Are you asking what your experiment would look like from another observer's perspective who's moving relative to you? That's a different story. Always be aware which point of view (reference frame) you are assuming for your analysis and avoid accidental "frame jumping".
 
  • #51
Mister T said:
You're almost there. You just have to accept the fact that there is no special frame of reference in which to judge whether other clocks run slow or are out of sync, or that meter sticks are shortened. These things are true in all reference frames, so that means there is no basis upon which to claim that light really travels at different speeds in different frames. All you have are meter sticks and clocks, and when you use them to measure speeds you find that there is a maximum possible speed. It follows then, that such a speed must be the same in all reference frames.
I think this is an underrated post. "The Principle of Relativity."
lowemack said:
I understand that C is constant, and using the Lorentz formulas you can work it out. What I have trouble grasping, and a few others on here also, is that when we travel towards a light source at 0.25C, we would expect to measure the light at 1.25C. When we ask why not we get told, "ah, it's because your clock is running slow". OK, I can get that, but when we move away from a light source at 0.25C and expect to measure the light at .75C, how can it be because of the same reason "your clock is running slow"?

People have have been talking about "different reference frames", but in this example I am in the same reference frame measuring a light source in front of me and one behind me.

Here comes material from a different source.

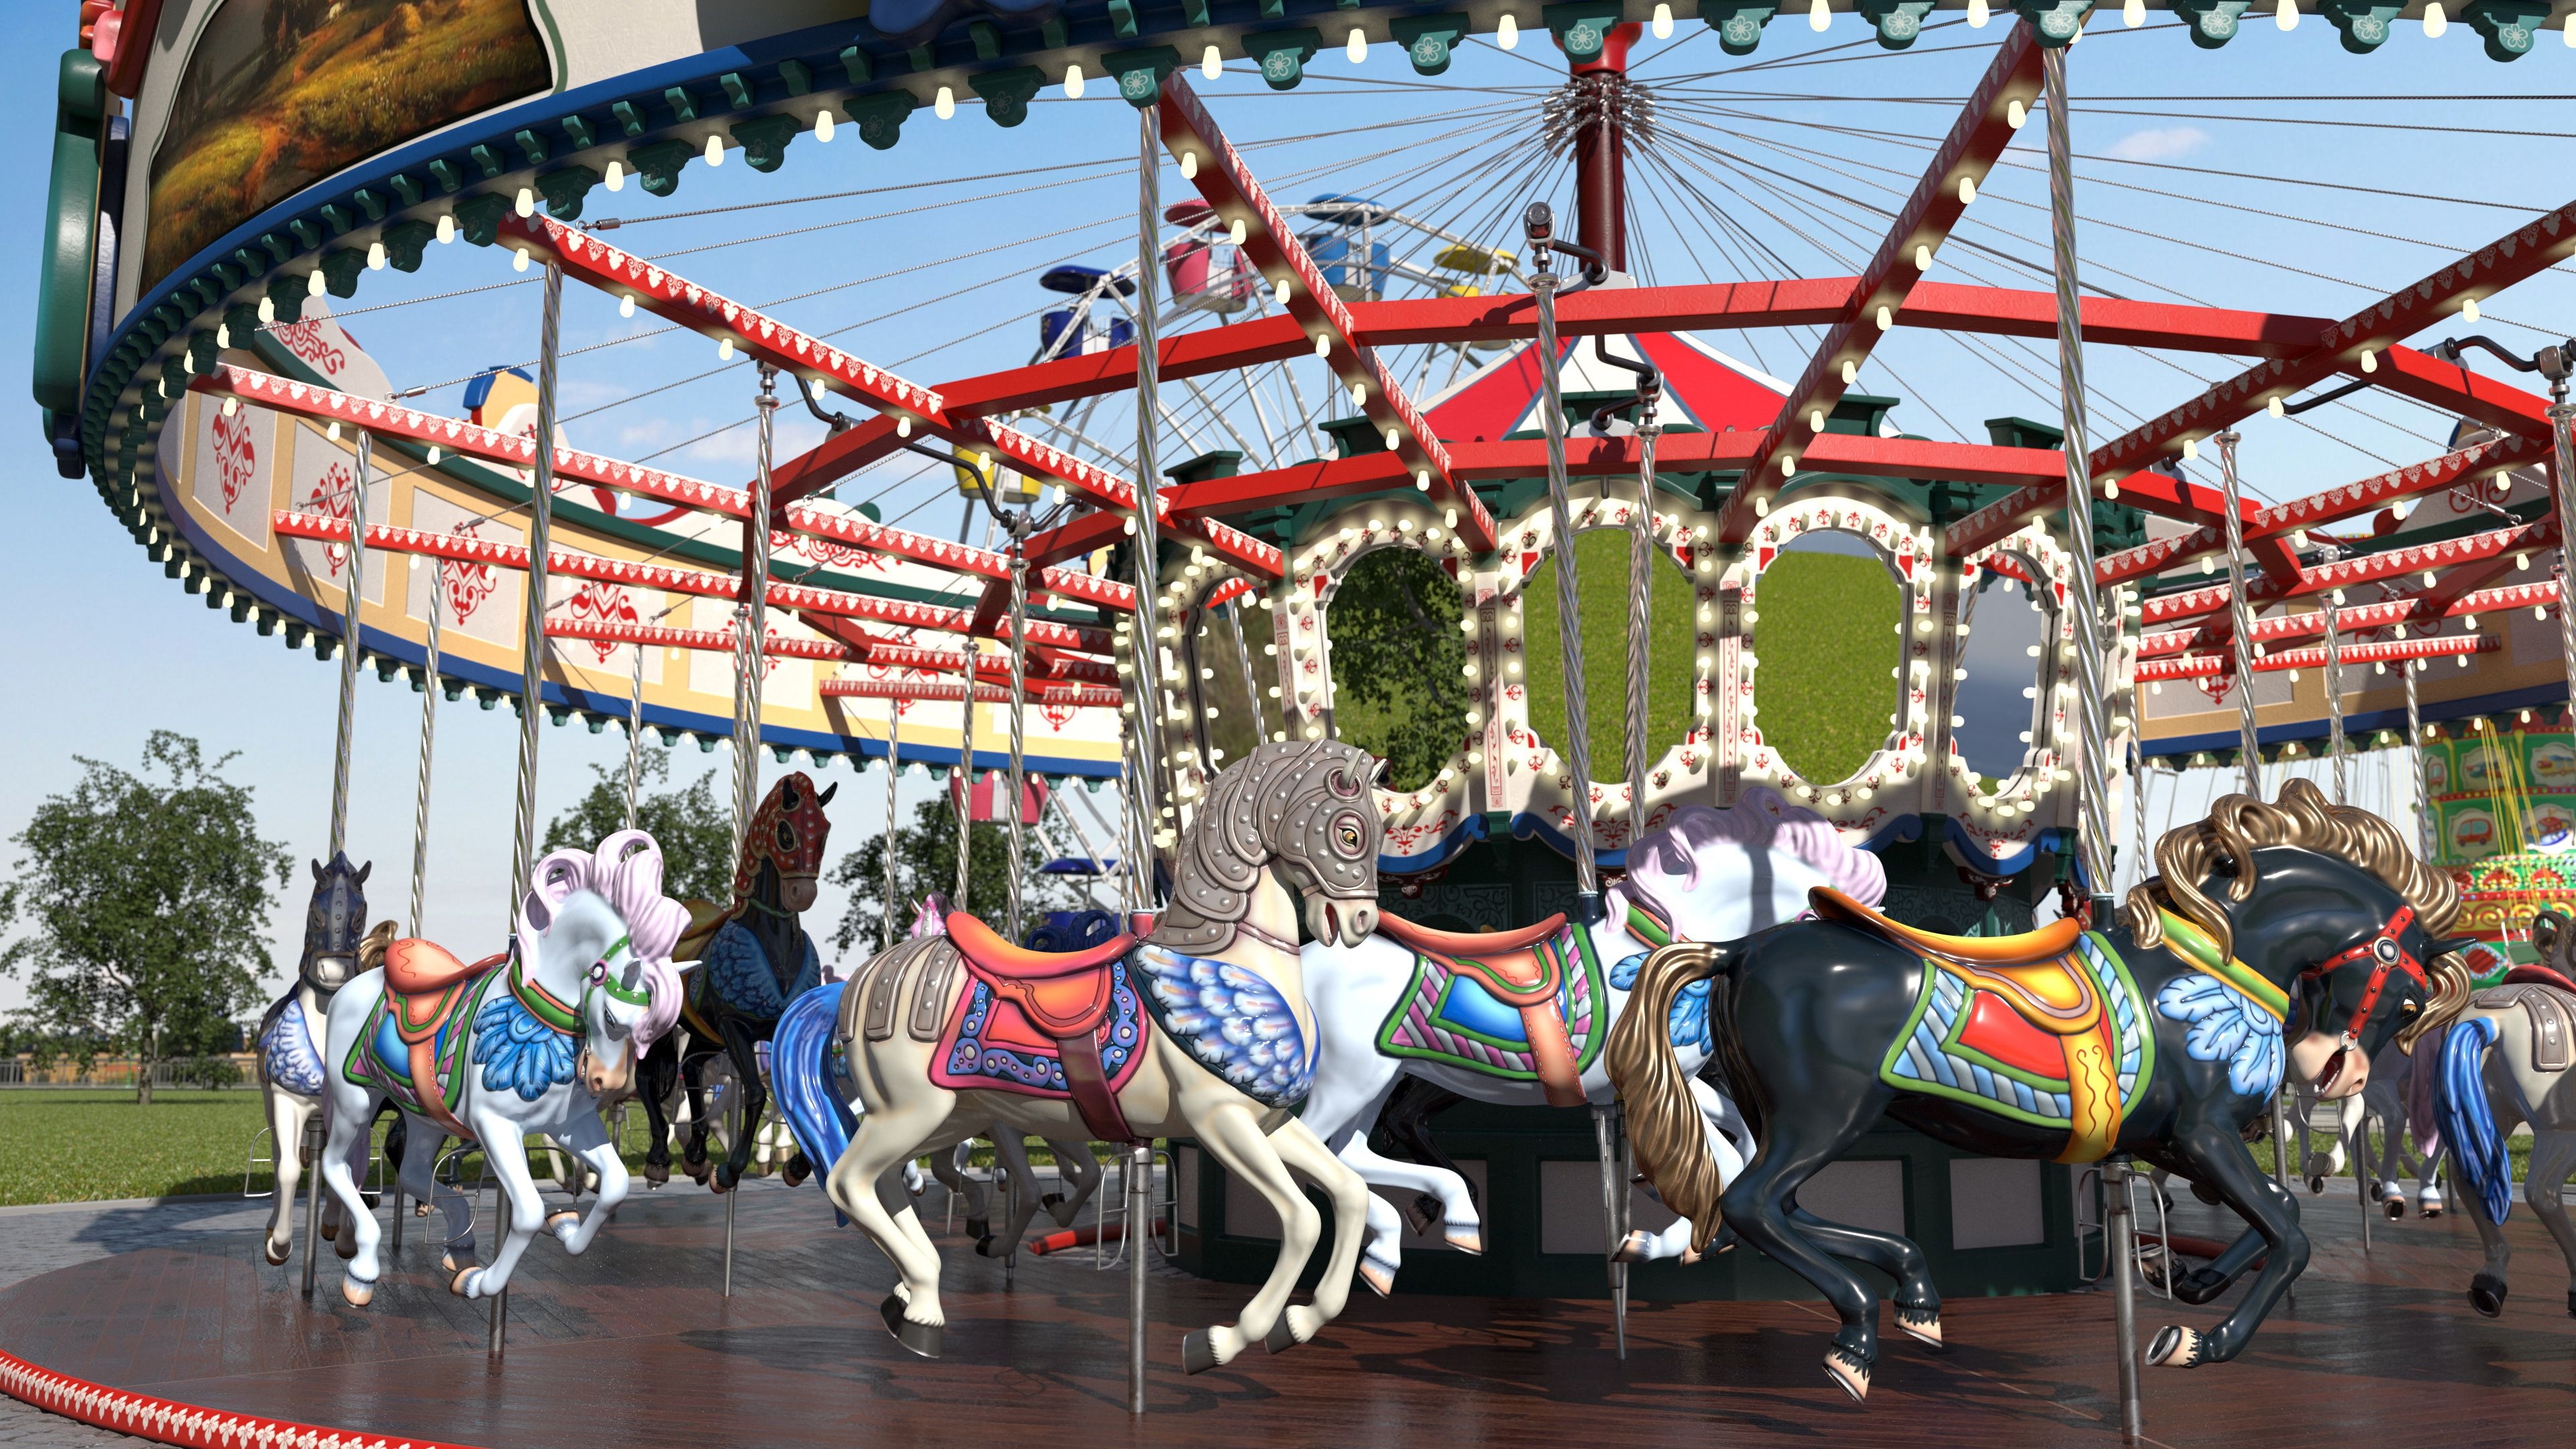 Amusement park carousel, 3D model, Architecture, Carousel horses, 3840x2160 4K Desktop

I would say look at Mister T's post. But as a fun diversion:

When moving toward it you SEE the sun's clocking moving FAST, not slow. This is tied to the Doppler effect. You can see this if you examine what the twins paradox actually see rather than what some ideal clocks posted at places in space would read if someone was next to them at each event. As the twin leaves, both see the other as having slow clocks, and as he returns, both see the other as having fast clocks, but due to length contraction and relativity is simultaneity, "when" each twin sees the other have a fast or slow clock varies, and in doing the calculations in that thread it was found that this is actually why the "moving" twin ages less. This isn't difficult to work out. Just choose your relative speed, calculate your length contraction that Earth sees and compare measurements they will make. A good example showing this is found here:

http://www.scientificamerican.com/article/how-does-relativity-theor/
Sentosa said:
Sorry to resurrect my own thread, but I've been thinking about this issue some more. The great paradox in this, it seems to me, is that the key to understanding the invariance of the speed of light is that you have to understand the nature, not of light, but of space and time. It is the flexibility of space and time (distance and time) that causes the speed (a ratio of distance over time) of light to be the same for all observers. This leads me to the following thought experiment, which I can't understand correctly:

Suppose I'm traveling in a spaceship at 95% c. I have a meter stick and a clock, and I decide to measure the speed of light in the ship's lab. Travelling at near c, the clock slows down (time dilation), and the meter stick contracts (length contraction). However, in order to get the same ratio (300,000), if the ruler contracts, shouldn't the clock speed up?
I would point you to Mister T's post (quoted above). All inertial frames are equally valid, which means for all intents and purposes you are AT REST, your meter stick is NOT contracted, there ISN'T any time dilation, and you measure c for the speed of light.